地下深くに進むにつれて、周囲の雰囲気はますます異様になっていった。壁に刻まれたレリーフはより複雑怪奇なものとなり、空気中に漂う魔素濃度も上昇し、時折、空間そのものが僅かに歪むような感覚に襲われる。【デバッガー】スキルで探ると、古代の防御機構と思われるものが、今なお不完全に稼働している箇所が散見された。
「……この辺りから、古代のトラップや、遺跡を守るゴーレムが稼働している可能性が高いわ」シャロンが、地図を確認しながら警告する。

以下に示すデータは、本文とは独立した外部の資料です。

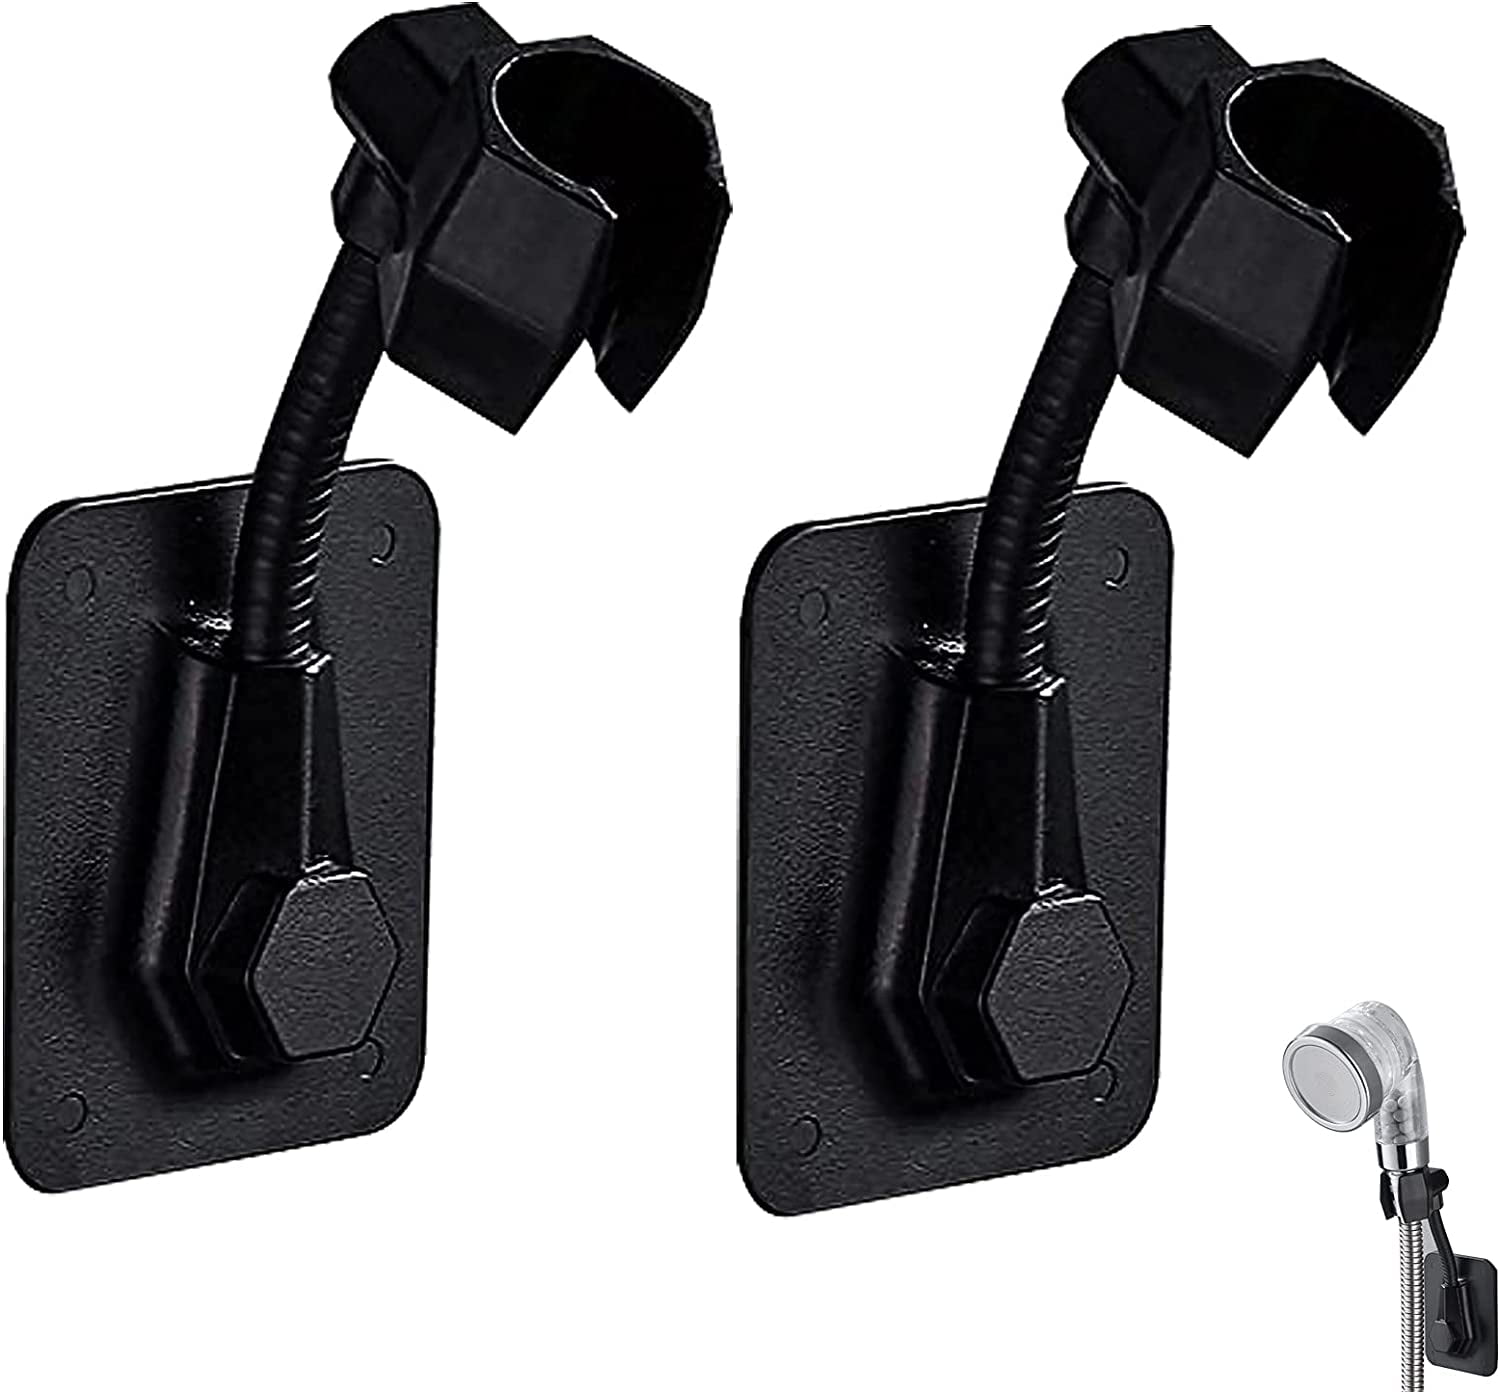 Details about   Adjustable Shower Head Holder Handset Bathroom Wall Mount no drilling bracket

「記録によれば、特に『警備ゴーレム・タイプγ(ガンマ)』と呼ばれる機種は、強力な魔力砲と自己修復機能を持つ厄介な相手らしいわよ」
「ゴーレムか……」クラウスが盾を構え直す。「以前、ユズル殿が起動させたものとは、わけが違うだろうな」
「うん、古代の戦闘用ゴーレムは、本当に強いからね……」リリアも、少し不安そうな顔をしている。
俺は【情報読取】を最大限に広げ、前方の気配を探る。
(……いる。前方、通路の先の広間。複数のエネルギー反応。大きさ、形状からして……ゴーレムだ。数は……三体!)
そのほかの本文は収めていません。